Мало била меня моя бабушка.
Жаль, что бить уставала рука,
и, по мненью знакомого банщика,
был достоин я лишь кипятка.
Я кота ее мучил, блаженствуя,
лишь бы мне не сказали – слабо,
на три тома «Мужчина и женщина»
маханул я Лависса с Рамбо.
Золотое кольцо обручальное
спер, забравшись тайком в шифоньер:
предстояла игра чрезвычайная —
Югославия – СССР.
И кольцо это, тяжкое, рыжее,
с пальца деда, которого нет,
перепрыгнуло в лапу барышника
за какой-то стоячий билет.
Моя бабушка Марья Иосифовна
закусила лишь краешки губ,
так, что суп на столе подморозило —
льдом сибирским подернулся суп.
У афиши Нечаева с Бунчиковым
в еще карточные времена,
поскользнувшись в грязи возле булочной,
потеряла сознанье она.
И с двуперстно подъятыми пальцами,
как Морозова, ликом бела,
лишь одно повторяла в беспамятстве:
«Будь ты проклят!» – и это был я.
Я подумал, укрывшись за примусом,
что, наверное, бабка со зла
умирающей только прикинулась…
Наказала меня – умерла.
Под пластинку соседскую Лещенки
неподвижно уставилась ввысь,
и меня все родные улещивали:
«Повинись… Повинись… Повинись…»
Проклинали меня, бесшабашного,
справа, слева – видал их в гробу!
Но меня прокляла моя бабушка.
Только это проклятье на лбу.
И кольцо, сквозь суглинок проглядывая,
дразнит, мстит и блестит из костей…
Ты сними с меня, бабка, проклятие,
не меня пожалей, а детей.
Я цветы виноватые, кроткие
на могилу кладу в тишине.
То, что стебли их слишком короткие,
не приходит и в голову мне.
У надгробного серого камушка,
зная все, что творится с людьми,
шепчет мать, чтоб не слышала бабушка:
«Здесь воруют цветы… Надломи…»
Все мы перепродажей подловлены.
Может быть, я принес на поклон
те цветы, что однажды надломлены,
но отрезаны там, где надлом.
В дрожь бросает в метро и троллейбусе,
если двое – щекою к щеке,
но в кладбищенской глине стебли все
у девчонки в счастливой руке.
Всех надломов идет отстригание,
и в тени отошедших теней
страшно и от продажи страдания,
а от перепродажи – страшней.
Если есть во мне малость продажного,
я тогда – не из нашей семьи.
Прокляни еще раз меня, бабушка,
И проклятья уже не сними!
24–25 октября 1982
Приключения мысли
Да разве святость – влезть при жизни в святцы?

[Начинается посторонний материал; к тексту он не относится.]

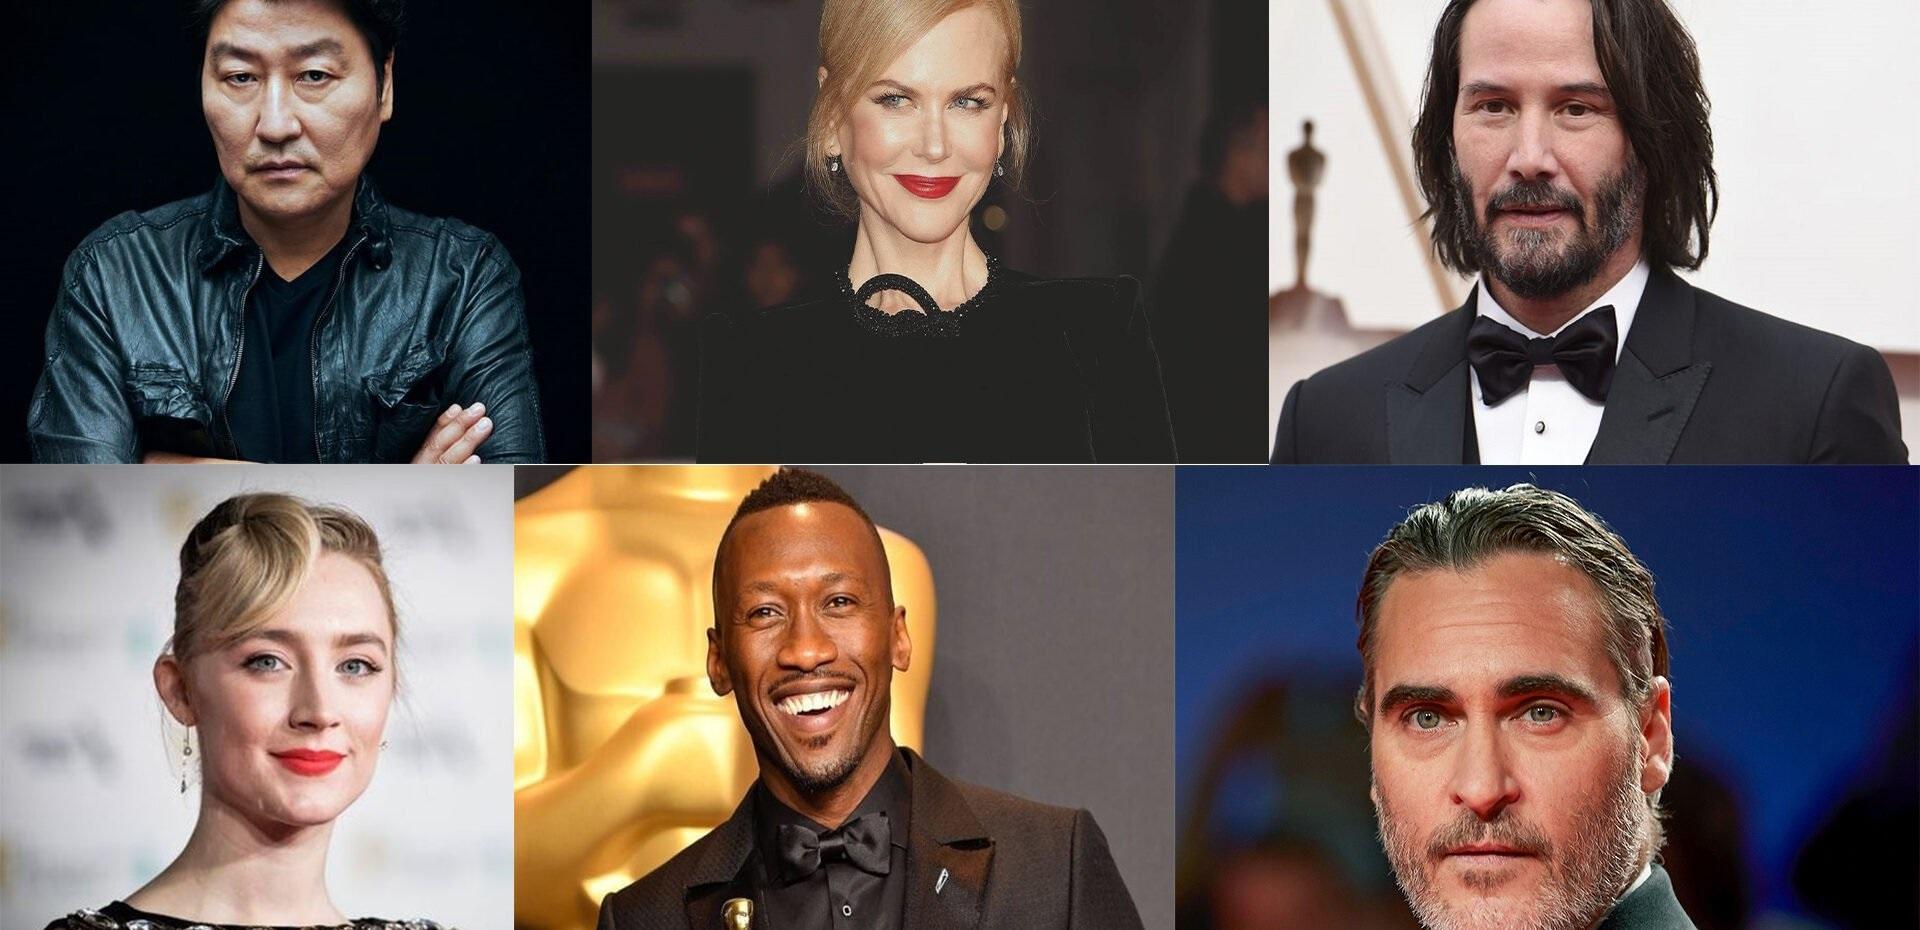 لیستی از برترین بازیگران قرن 21 به انتخاب مجلهی نیویورک تایمز

В себя не верить – все-таки святей.
Талантлив, кто не трусит ужасаться
мучительной бездарности своей.
Неверие в себя необходимо,
необходимы нам тиски тоски,
чтоб темной ночью небо к нам входило
и обдирало звездами виски,
чтоб вваливались в комнату трамваи,
колесами проехав по лицу,
чтобы веревка, страшная, живая,
в окно влетев, плясала на лету.
Необходим любой паршивый призрак
в лохмотьях напрокатных игровых,
а если даже призраки капризны, —
ей-богу, не капризнее живых.
Необходим среди болтливой скуки
смертельный страх произносить слова
и страх побриться —
будто бы сквозь скулы
уже растет могильная трава.
Необходимо бредить неулежно,
проваливаться, прыгать в пустоту.
Наверно, лишь отчаявшись, возможно
с эпохой говорить начистоту.
Необходимо, бросив закорюки,
взорвать себя и ползать при смешках,
вновь собирая собственные руки
из пальцев, закатившихся под шкаф.
Необходима трусость быть жестоким
и соблюденье маленьких пощад,
когда при шаге к целям лжевысоким
раздавленные звезды запищат.
Необходимо с голодом изгоя
до косточек обгладывать глагол.
Лишь тот, кто по характеру – из голи,
перед брезгливой вечностью не гол.
А если ты из грязи да и в князи,
раскняжь себя и сам сообрази,
насколько раньше меньше было грязи,
когда ты в настоящей был грязи.
Какая низость – самоуваженье…
Создатель поднимает до высот
лишь тех, кого при крошечном движенье
ознобом неуверенность трясет.
Уж лучше вскрыть ножом консервным вены,
лечь забулдыгой в сквере на скамью,
чем докатиться до комфорта веры
в особую значительность свою.
Благословен художник сумасбродный,
свою скульптуру смаху раздробя,
голодный и холодный, – но свободный
от веры унизительной в себя.
30–31 октября 1982
Фиалки
Был день как день —
всех прочих не страшней,
а на Кузнецком, в сдавленной печали,
за пазухою книжных торгашей
зажато мысли гениев торчали.
Одна из мыслей, видя, что вокруг
на корешки, а не на мысли падки,
скользнула на асфальт из липких рук
по красненькому хвостику закладки.
Мысль гения по городу брела
непризнанной актрисой вне театра
и безработно видела: творятся
отнюдь не гениальные дела.
Срывая молотком на пальцах злость,
похмельный плотник с щепками на шапке
вколачивал полдня все тот же гвоздь,
фатально попадая мимо шляпки.
«Я пригожусь тебе…» – шепнула мысль
в заросшее тайгою рыжей ухо,
а он лениво пробурчал: «Уймись.
Не мысли мне нужны, а бормотуха».
Мысль вздрогнула – лежала пара ног
под «Жигулями» в центре мирозданья.
Тревожно мысль подумала: «Раздавлен?»,
спросив на всякий случай: «Жив, сынок?»
Сынок был жив. Он с гаечным ключом
зашевелился – правда, лишь отчасти.
«Я – мысль…»
«И что? А я-то тут при чем?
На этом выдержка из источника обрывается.